The 1963 bombing of the 16th Street Baptist Church in Birmingham, Alabama, occurred during the civil rights movement — a time of vehement anti-black violence in response to the uplifting of black communities. And a string of church fires and bombings rocked black communities in the South as recently as the 1990s. These latter attacks, understood by many as the violent responses of white racists to social transformation, led the National Trust for Historic Preservation in Washington D.C. to add churches to its annual list of the "most endangered" historic places in the U.S. in 1996. 

Across the diaspora, black spiritual and religious spaces — whether a clearing in the woods or a stone and mortar church — have nurtured rebellion, and that's why they continue to be under siege.

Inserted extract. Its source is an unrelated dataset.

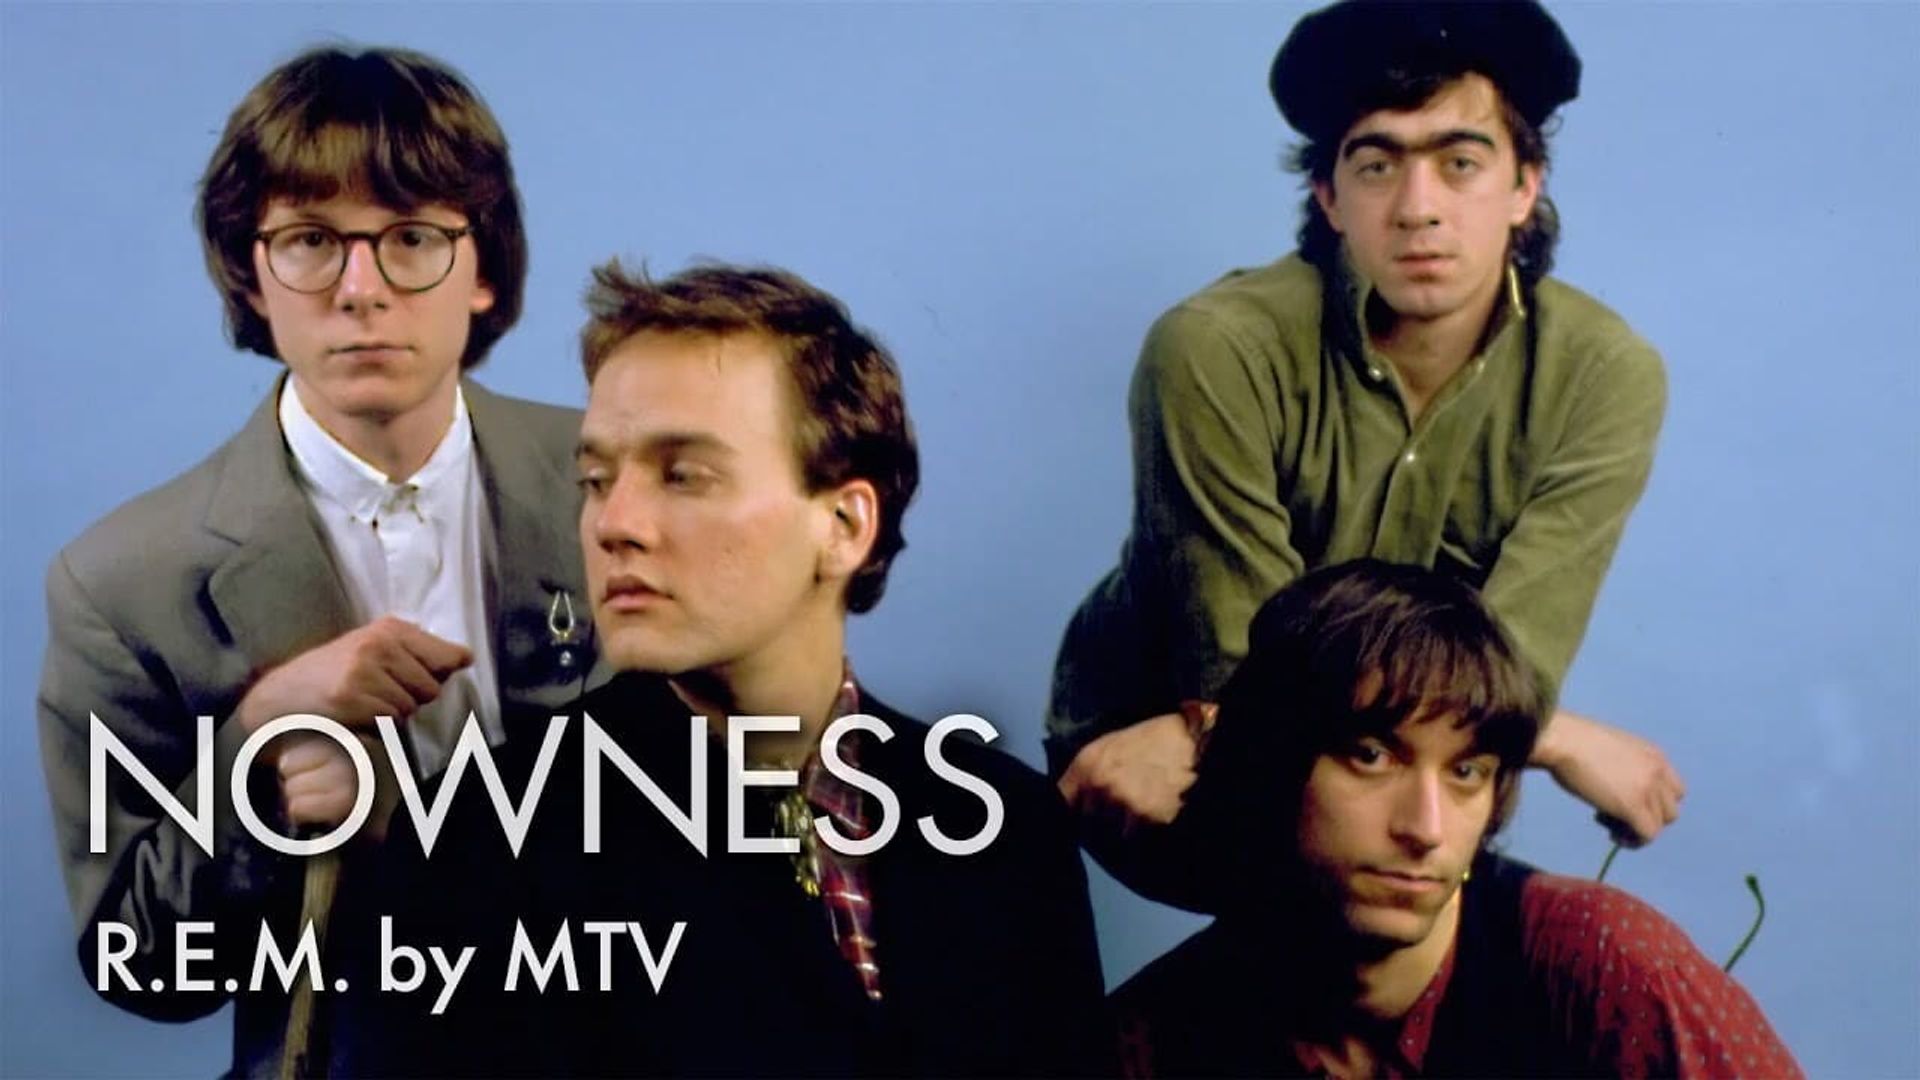 R.E.M. by MTV background

"Amid the undeniable progress, the state's most passionate political debates continue to revolve around race," Michael A. Fletcher wrote in a 1996 Washington Post article in response to the previous 18-month's spate of burnings. Eerily echoing recent conversations, Fletcher also mentions a "divisive battle supported by the state's conservative governor to keep the Confederate battle flag flying atop the State House." 

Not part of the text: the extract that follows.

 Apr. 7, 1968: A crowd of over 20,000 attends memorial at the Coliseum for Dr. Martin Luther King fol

We must make sure history does not repeat itself. In this modern moment characterized by black resistance, we must condemn acts of anti-black racism. As Mic's Tom McKay recently wrote of the fires, "Unconscionable mischief or deliberately racist attack, the message is much the same. An attack on a black church is surely more terrible than a burnt-down CVS, and the string of possible arsons suggests that the kind of racial resentment that motivated the Charleston shooting still has deep and gnarled roots across the country."